Podwieczność (Podwieczność #1), Brodi Ashton [przedpremierowo]
„Podwieczność” to pierwszy tom otwierający niezwykle piękną i romantyczną trylogię o miłości, stracie i nieśmiertelności, opartą na motywach zaczerpniętych z mitologii.
Zeszłej wiosny Nikki Beckett zniknęła w podziemiu zwanym Podwiecznością.
Teraz wróciła do swojego dawnego życia, do rodziny i chłopaka. Ma tylko sześć miesięcy na to, by pożegnać się, nim Podwieczność upomni się o nią – tym razem już na zawsze.
Sześć miesięcy na to, aby znaleźć odkupienie, jeśli ono w ogóle istnieje.

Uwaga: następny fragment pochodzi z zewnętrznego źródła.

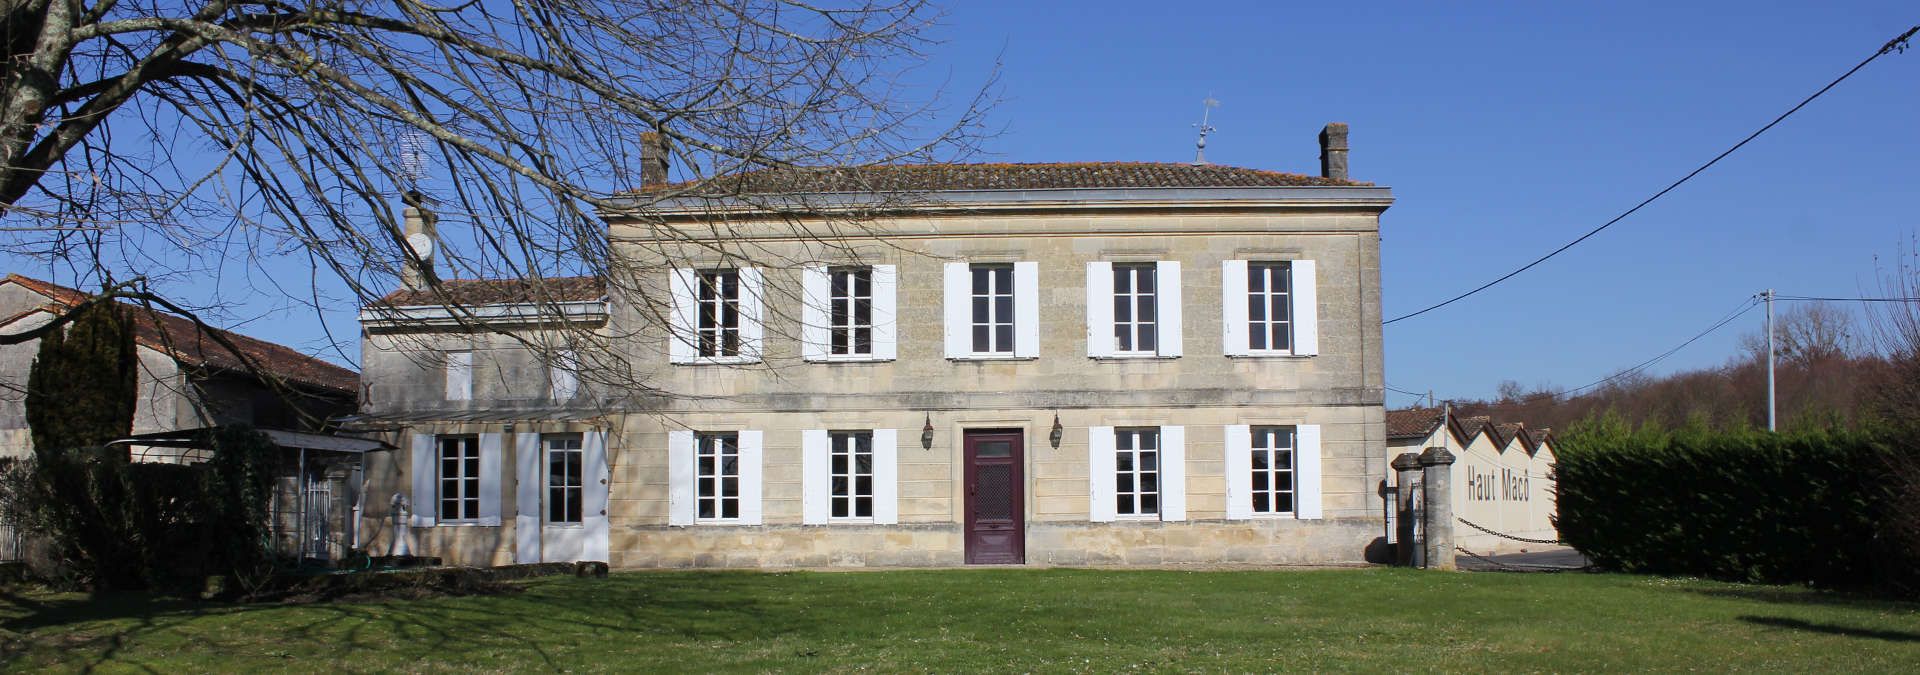 Château Haut Macô - Rue des Vignerons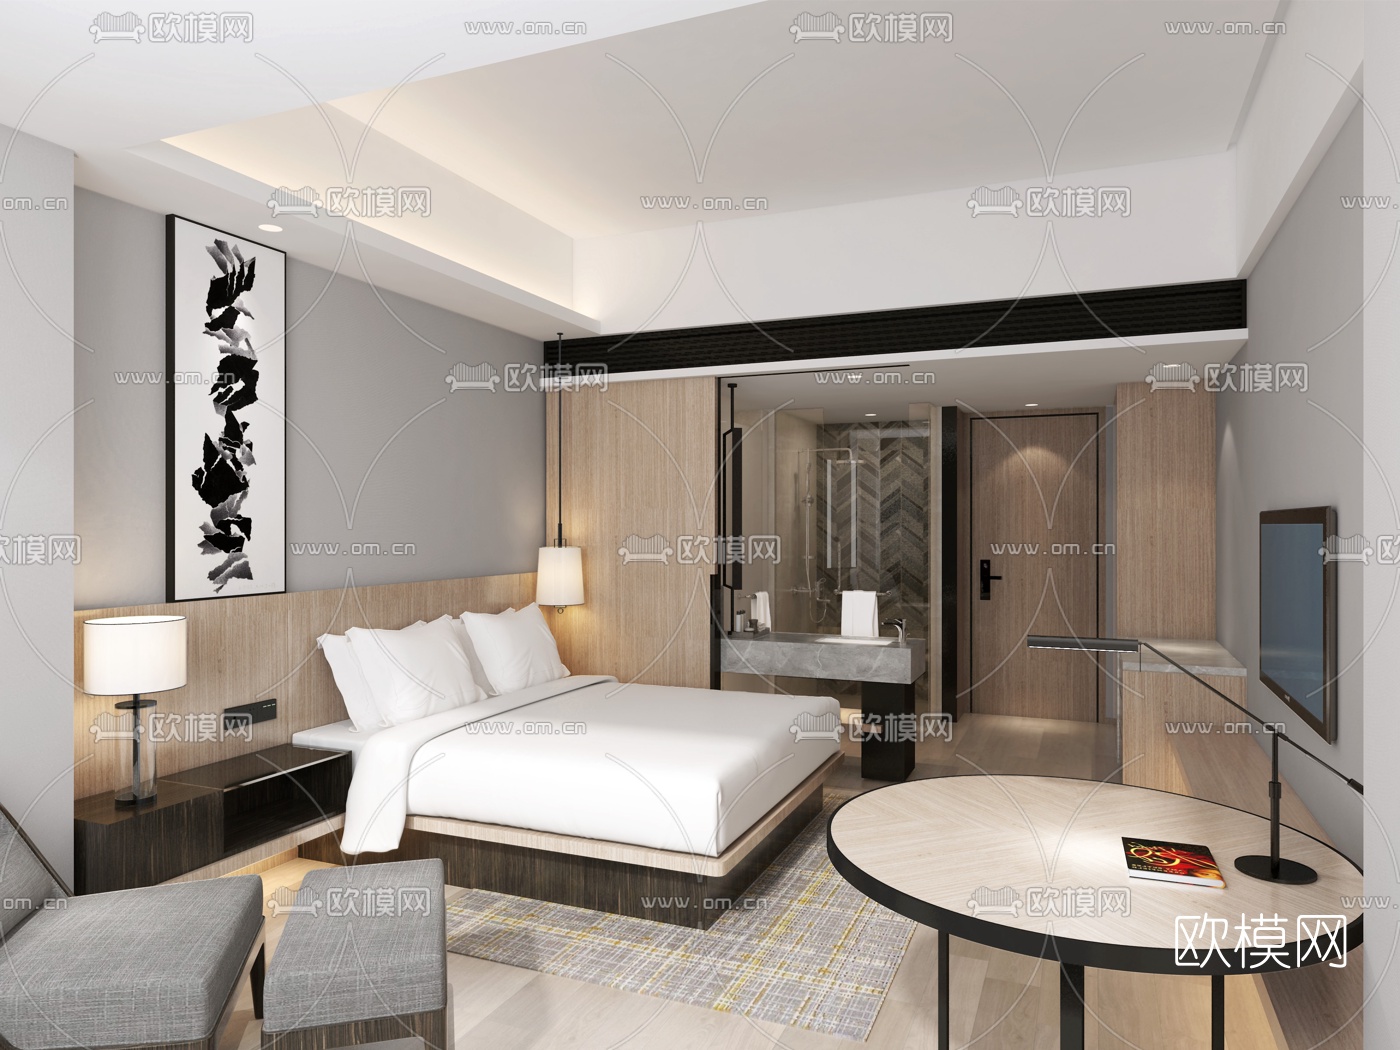 新中式酒店客房双人标准间-sketchup模型_sketchup模型库_建E室内设计网!

Nikki pragnie spędzić te cenne miesiące, zapominając o podziemiu, a jednocześnie próbuje ponownie zbliżyć się do swojego chłopaka, Jacka, którego kocha najbardziej na świecie. Istnieje tylko jeden problem: Cole, który śledzi Nikki z Podwieczności aż na Powierzchnię. Cole chce przejąć tron w podziemiach i jest przekonany, że to Nikki jest kluczem do jego sukcesu. I zrobi wszystko, aby ją ściągnąć do podziemi, jako swoją królową.
Czas Nikki na powierzchni zbliża się ku końcowi, a jej sytuacja wymyka się spod kontroli. Dziewczyna pragnie znaleźć sposób na oszukanie losu i uniknięcie powrotu do Podwieczności, gdzie czeka ją nieśmiertelność u boku Cole’a…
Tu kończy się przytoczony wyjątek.